Here in England the snow and ice has put a halt to my usual schedule. The cold weather started a week or so before Christmas.
Just before the New Year dawned, we were getting low on food. My hope was, that shopping could be resumed as soon as the snow cleared a bit. On the last night of 2009 I tried to be resourceful by making a pizza from scratch.
I dug deep into the pantry looking for ingredients when my boys "stuck in a thumb", and pulled out - a tin of Anchovies.
When you are six, discovering that an Anchovy is a little salty fish which has travelled all the way from Spain, can be pretty exciting. I showed them the word " ESPANOL" stamped into the base of the tin.
On their insistence, I duly planted a single anchovy tiddler onto their pizza slice.
Having served it up I waited.....
"Mum, we don't like them - Anchewees are Toooo salty!"
(Yep, just as I expected.)
I tried to regale the virtues of fish, by telling them of their great grandfather who had laboured in building the East Lancashire road. He had claimed that his compatriots had all wilted and died along the way; but the oil in the sardines he'd ate kept out the cold and kept him alive.
Later, as we lay in our warm beds, the New Year was welcomed in by more hardy individuals who noisily braved the Arctic conditions. (Sardine-eaters no doubt.) Next door's dog (Jack), amused himself by barking at fireworks for the best part of the night.
Next morning at breakfast Matthew told me; "I don't like Spaniels!"
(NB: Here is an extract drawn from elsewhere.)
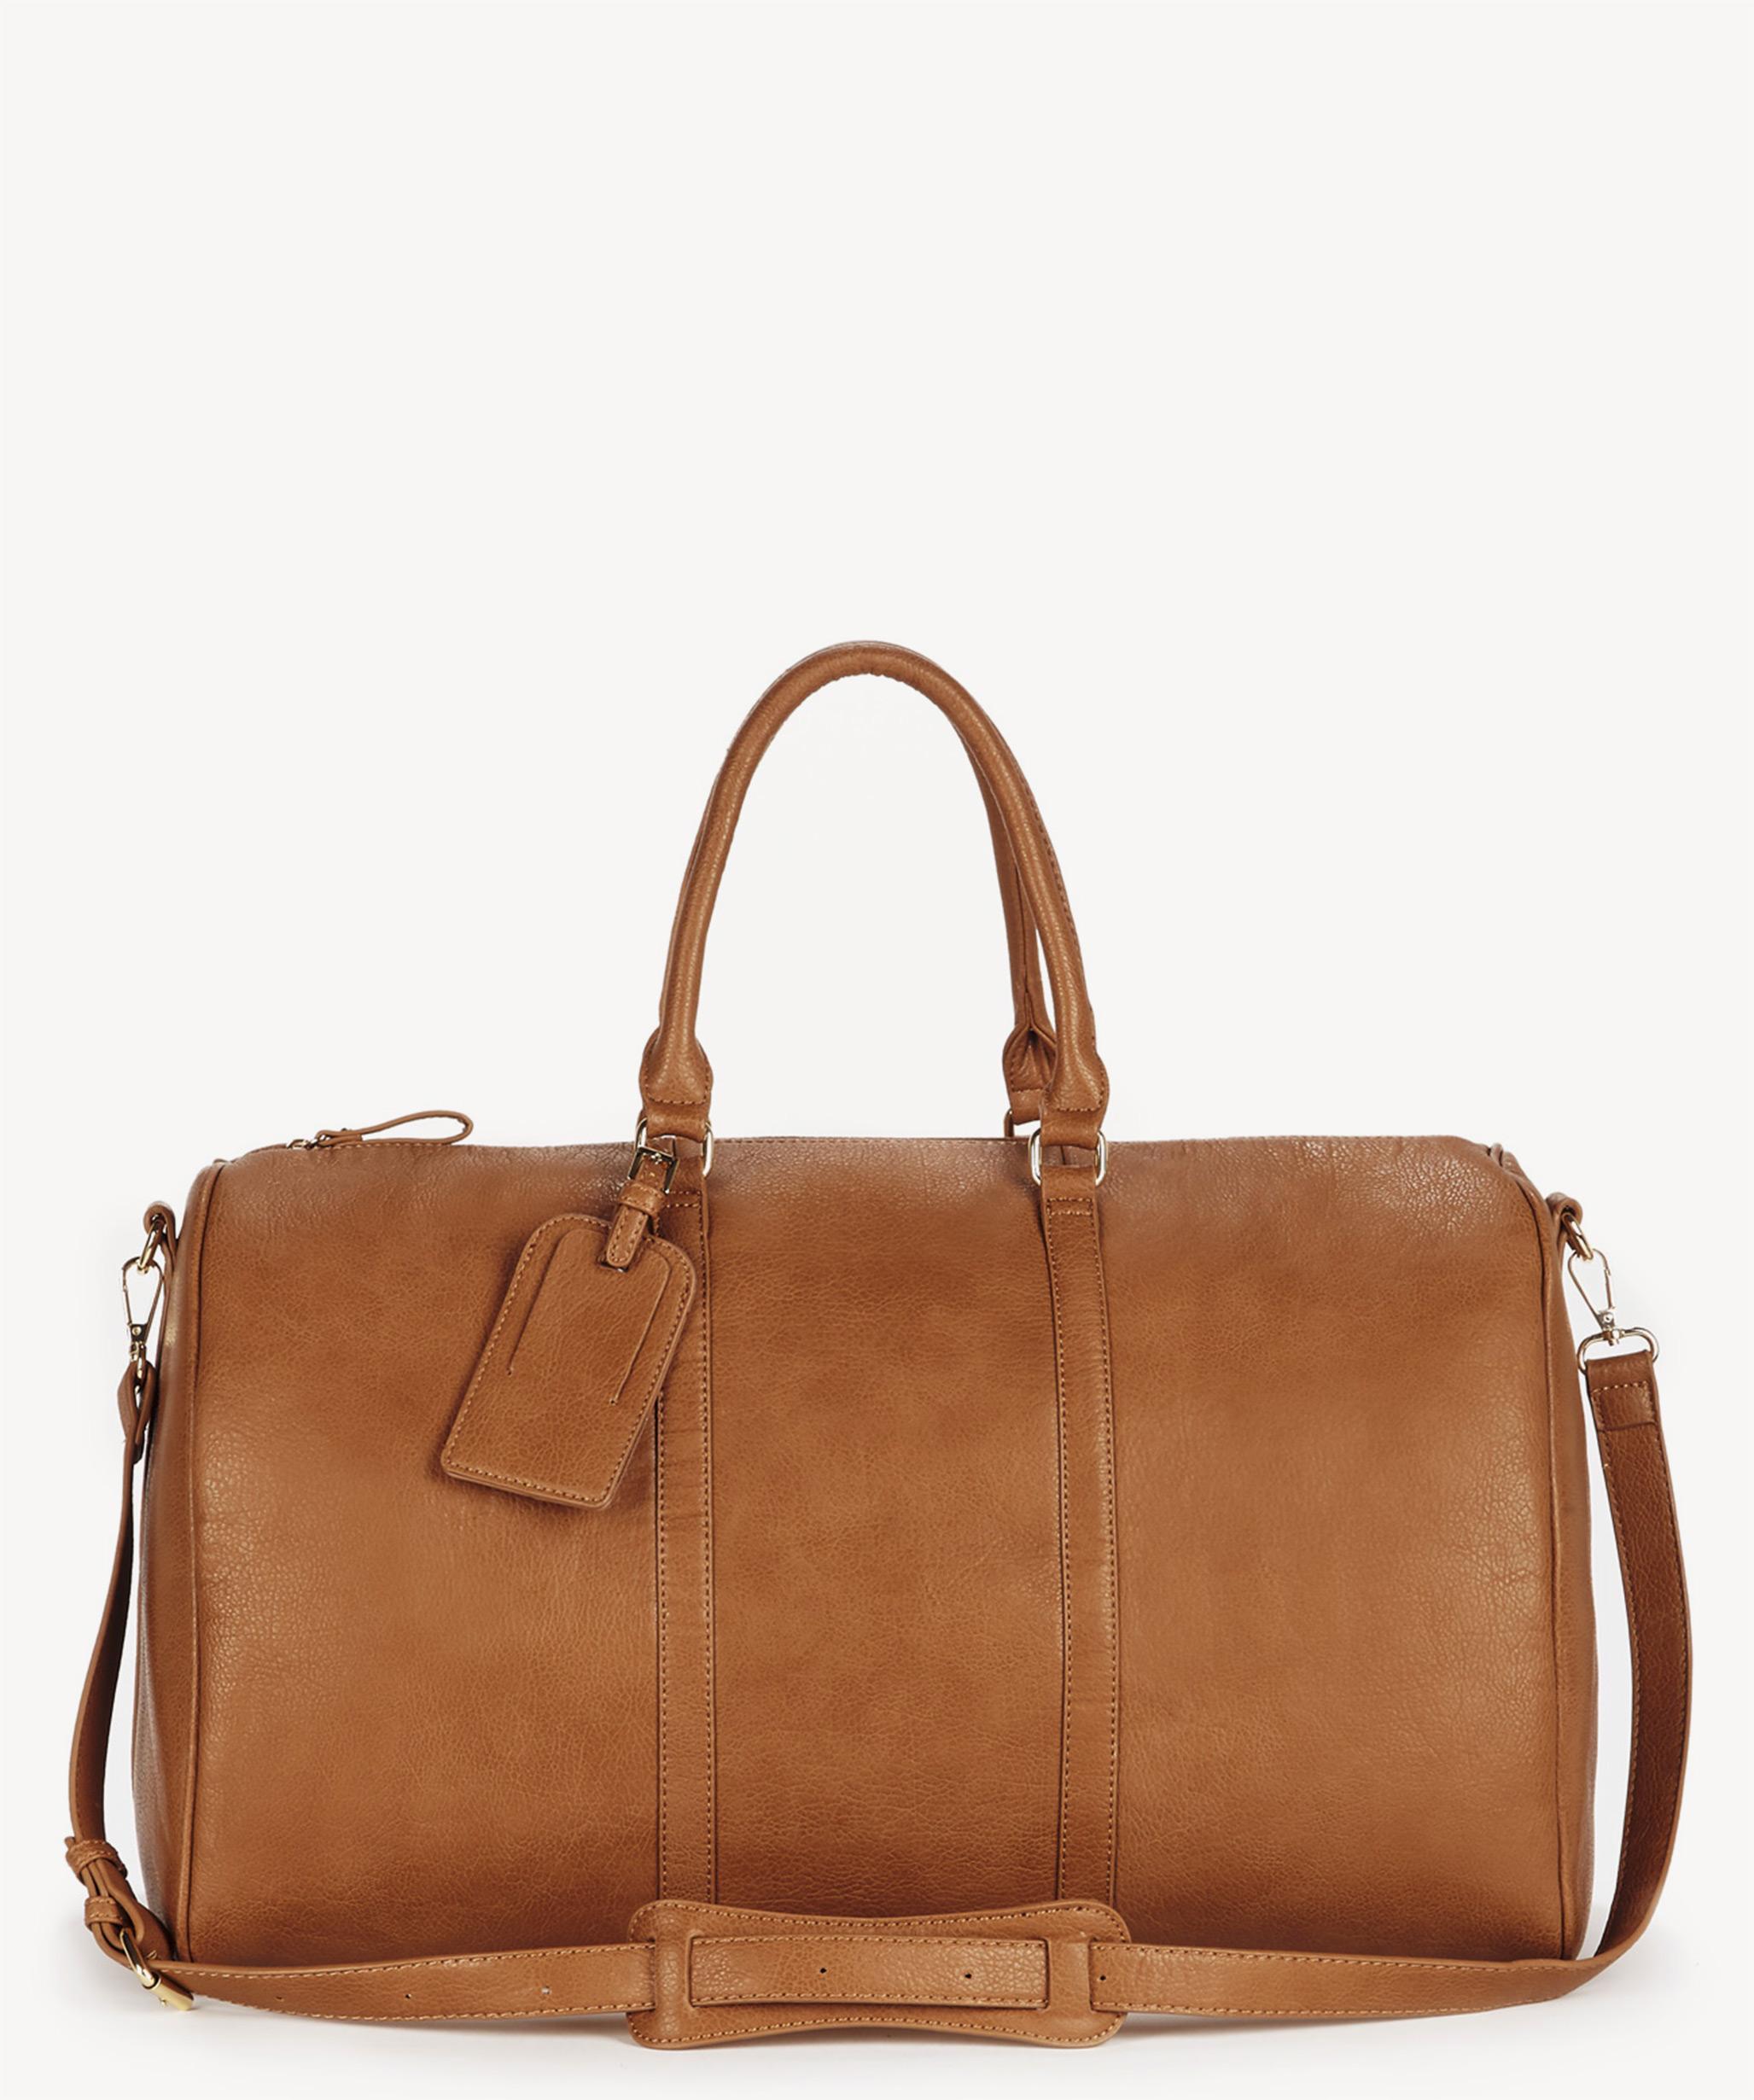 9047e81903 Women s Lacie Vegan Weekender In Color  Cognac One Size Bag

"Oh, is that so?" I said, thinking he was referring to Jack's canine -Karaoke session the previous evening.
"Did the neighbours dog keep you up with his barking?"
"No!" he scolded,"...I don't like them on my pizza!"
(I was glad that hangovers on New Year day were a long-gone part of my past.)
"Ah, you mean Anchovies...from Espanol?"
"Yes mum...."

With the cosiness of Christmas holidays too soon over; January the sixth, had us trudging schoolward, through the snow. Stepping off every kerb plunged us ankle deep into troughs of cold black water.
The festive lights which had glowed like warm coals through the gloom of winter streets had mostly been taken down now.
John shared his thoughts; "God likes to make snow for kids, but this time I think he has made a bit too much!"
"Why does God make too much snow?" Asked Matthew.
"God never makes too much snow, " I said "It's always the right amount."
"Maybe the fields needed it to improve the soil for crops."
It was difficult to answer all the usual questions and give regard to the safest places to step.
As far as I could see the pavement was littered with footmarks, impressed clearly like letters on the base of an anchovy tin - and just as smooth and slippery.
An elderly couple struggled past us; I watched as the lady lost her footing and glided sardine-like toward a garden fence. I imagined that sequined evenings in the ballroom flashed through her husband's mind as he intervened with a tango hold.
"Lord help us!" she exclaimed her face pale with fright.
I wondered if that was the first prayer she'd said for a little while....
So, now I have the real answer to why God seemingly makes "too much snow" sometimes...as a "fisher of men" he's ingenious!